== About this task ==
Would you write out the full listing exactly, without any pictures?

== Data segment ==
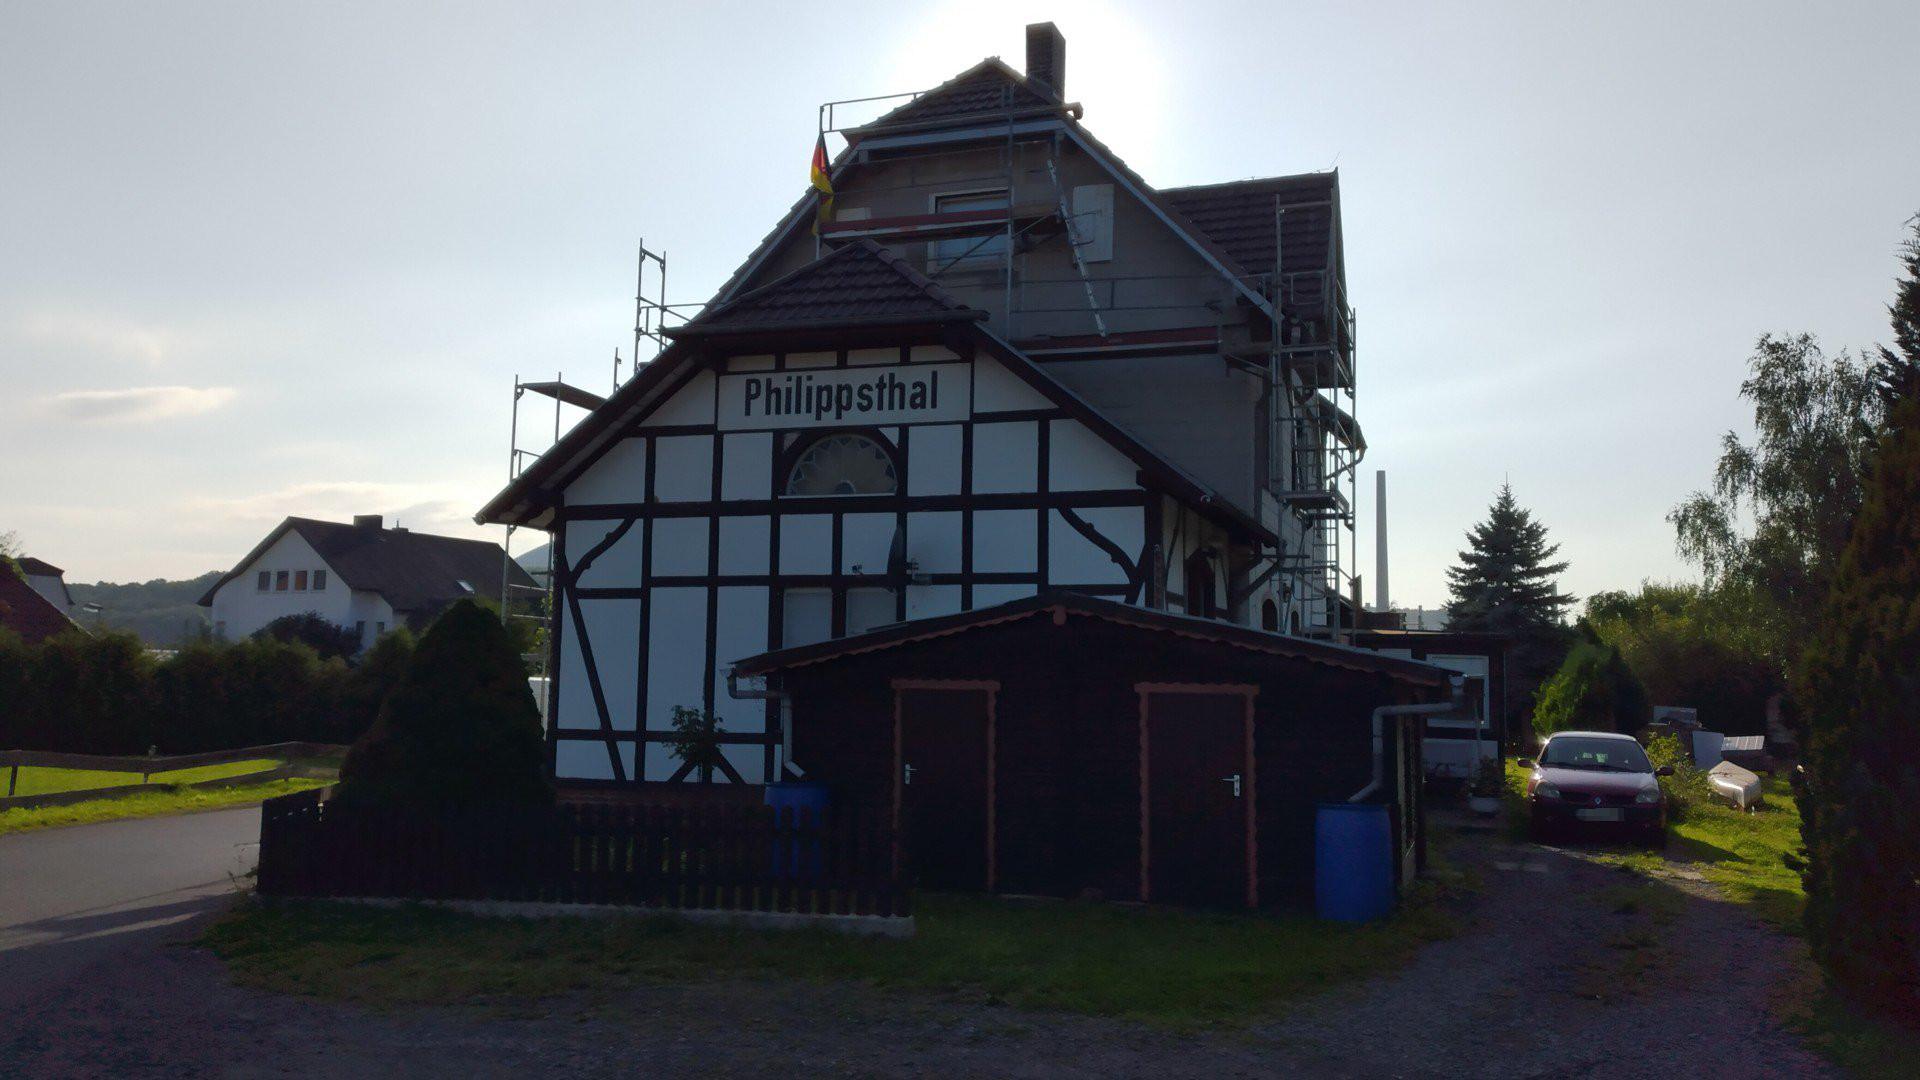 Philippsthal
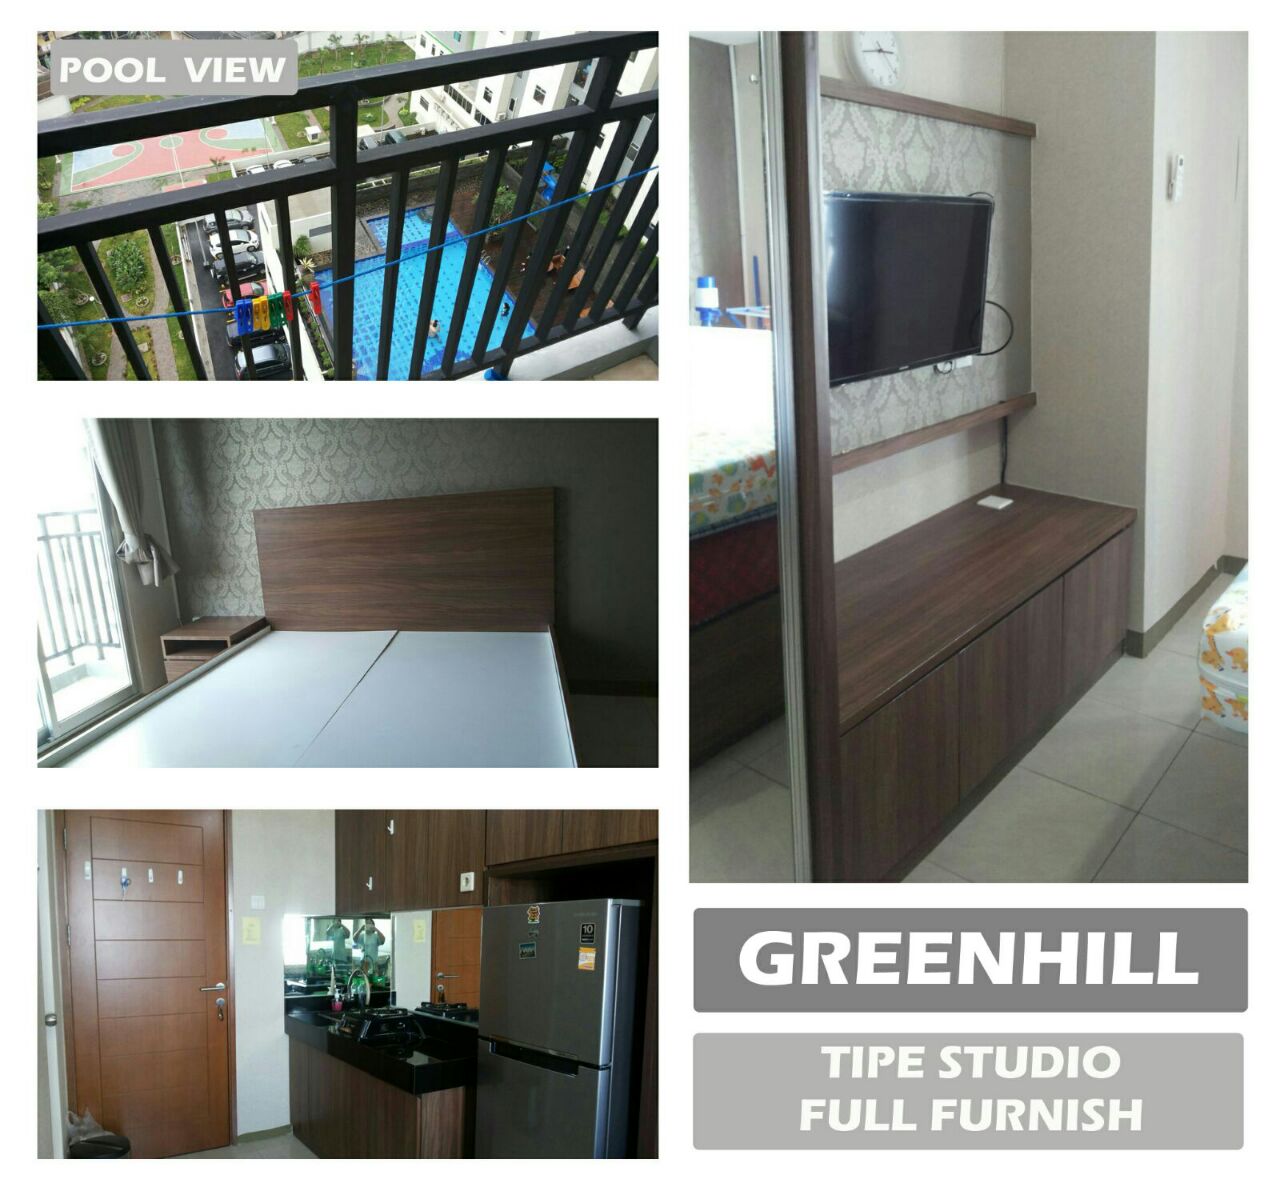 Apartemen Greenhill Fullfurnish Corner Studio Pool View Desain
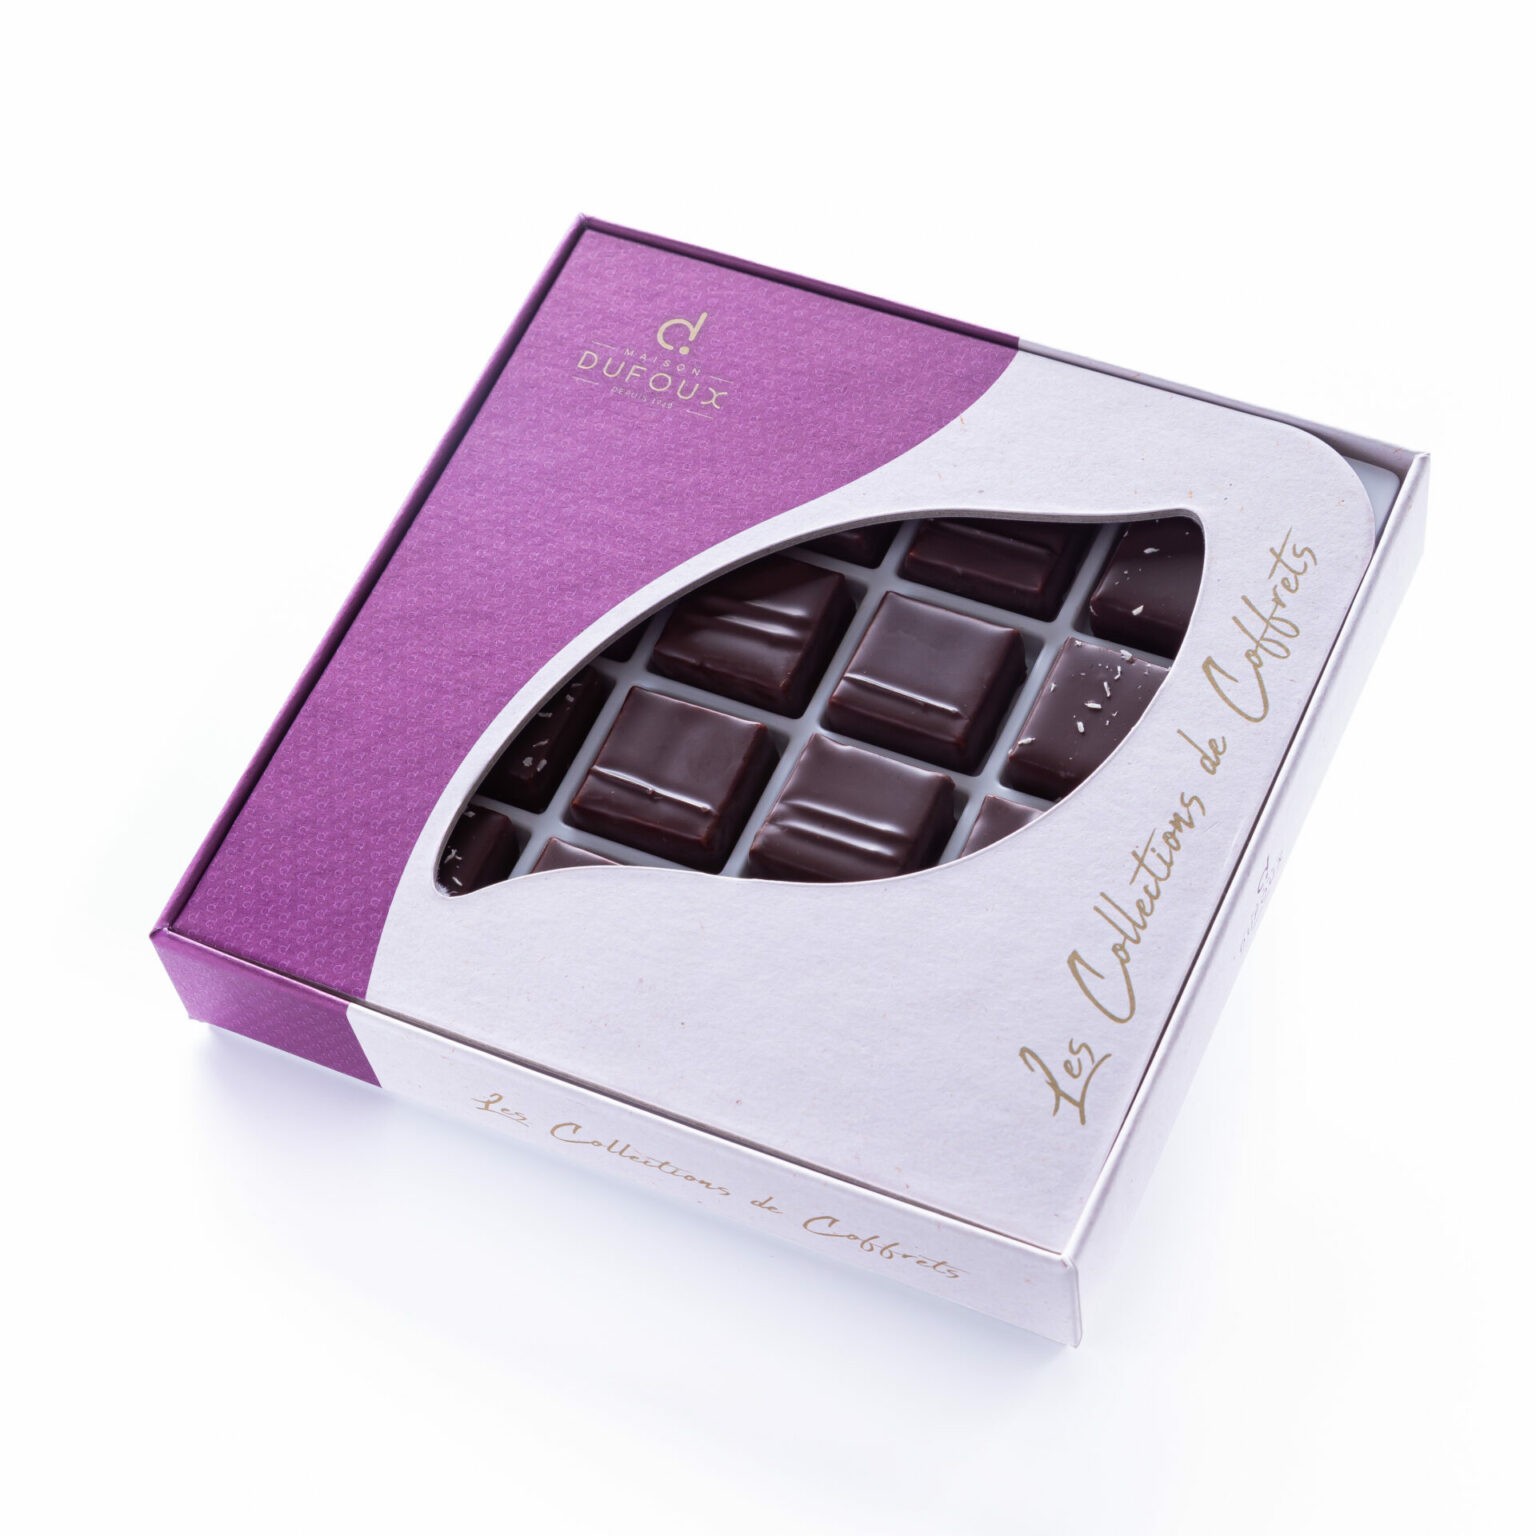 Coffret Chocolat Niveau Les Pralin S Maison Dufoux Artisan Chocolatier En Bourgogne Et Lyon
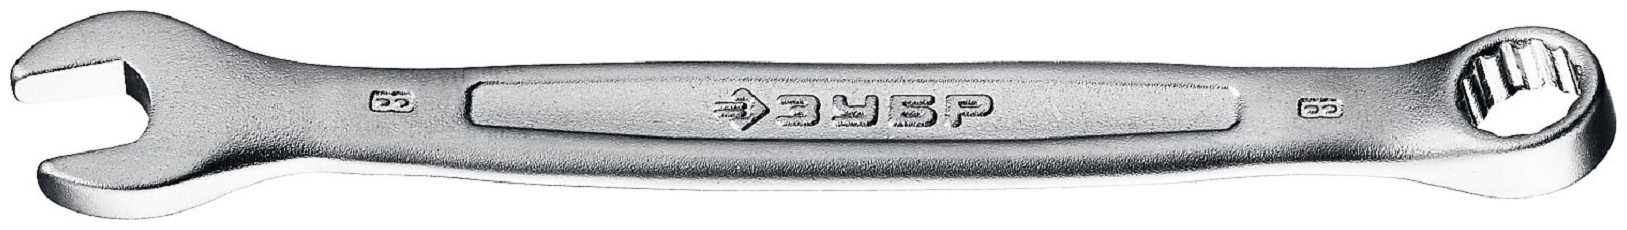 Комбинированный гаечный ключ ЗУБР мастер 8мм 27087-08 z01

== Solution below ==
 Philippsthal
 Apartemen Greenhill Fullfurnish Corner Studio Pool View Desain
 Coffret Chocolat Niveau Les Pralin S Maison Dufoux Artisan Chocolatier En Bourgogne Et Lyon
 Комбинированный гаечный ключ ЗУБР мастер 8мм 27087-08 z01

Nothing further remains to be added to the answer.